Aug 8 2010 · Web Technologies
Generating website thumbnails was a pretty hot topic a few years ago with the rise of services like websnapr, thumbalizr, and, perhaps the most well-known, snap shots. The popularity of doing this has faded somewhat, most likely due to the realizations that services like snap shots are not all that helpful and more of an annoyance than anything else.
I did my own thumbnail generator app a few years ago for a CentOS system. It was painful. I believe I was using gtkmozembed and just going through hell to resolve all the dependencies to get things running on a command line system.

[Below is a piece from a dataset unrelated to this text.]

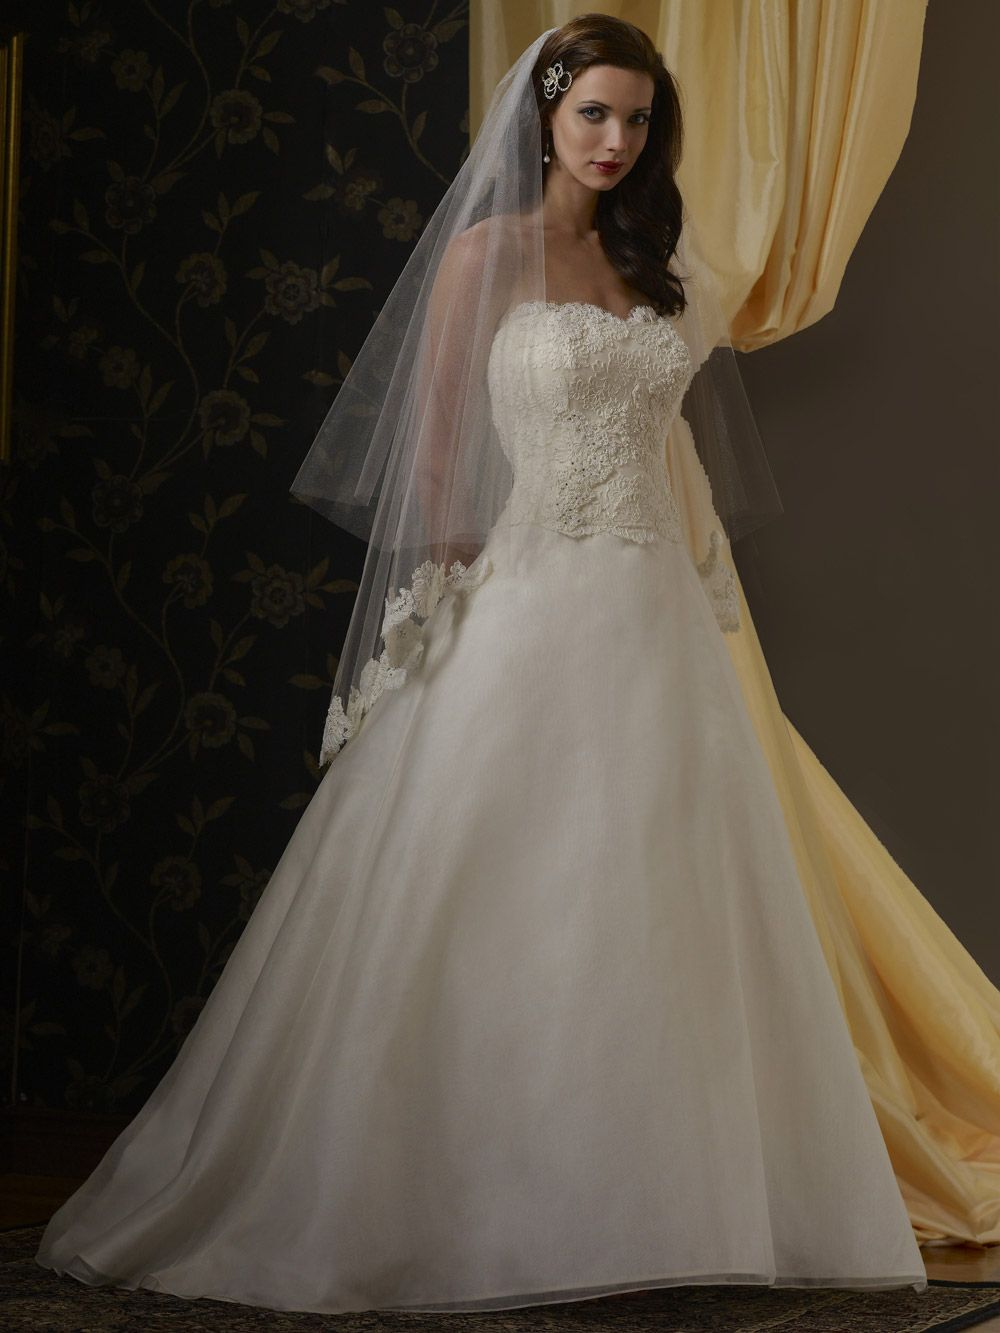 Wedding dress consignment shops near me  similar to the wedding dress I bought at a consignment bridal shop

With the WebKit stuff I recently put up, I decided to revisit the idea under .NET, and things were surprisingly easy. This is due to the fact that WinForms 2.0 has the Control.DrawToBitmap() method which makes capturing an image of the client area of a control relatively easy. I should mention, .NET 2.0 has the WebBrowser control, but I could never get the Control.DrawToBitmap() method to work; I always got a blank (white) image. The WebBrowser control is also undesirable because it’s based on IE6, so its certainly far from up-to-date or accurate rendering, even more-so than the outdated version of WebKit I’m using.
So let’s say we’re running a WebKit instance in a Panel (panel1), we can capture what’s displayed as follows,
Bitmap bmpOut = new Bitmap(panel1.Width, panel1.Height);
Here’s an example of a capture:
There is one critical limitation; only the visible portion of the web page is captured. However, if a component to scroll and capture different portions of the page were implemented, and the final image was pieced together from these portions, a full page would be captured.
Another limitation is there there is no way to tell when the page is finished loading. Figuring this out requires digging into the depths of the WebKit codebase, I’m certainly not up for it, and it’s not for the faint of heart.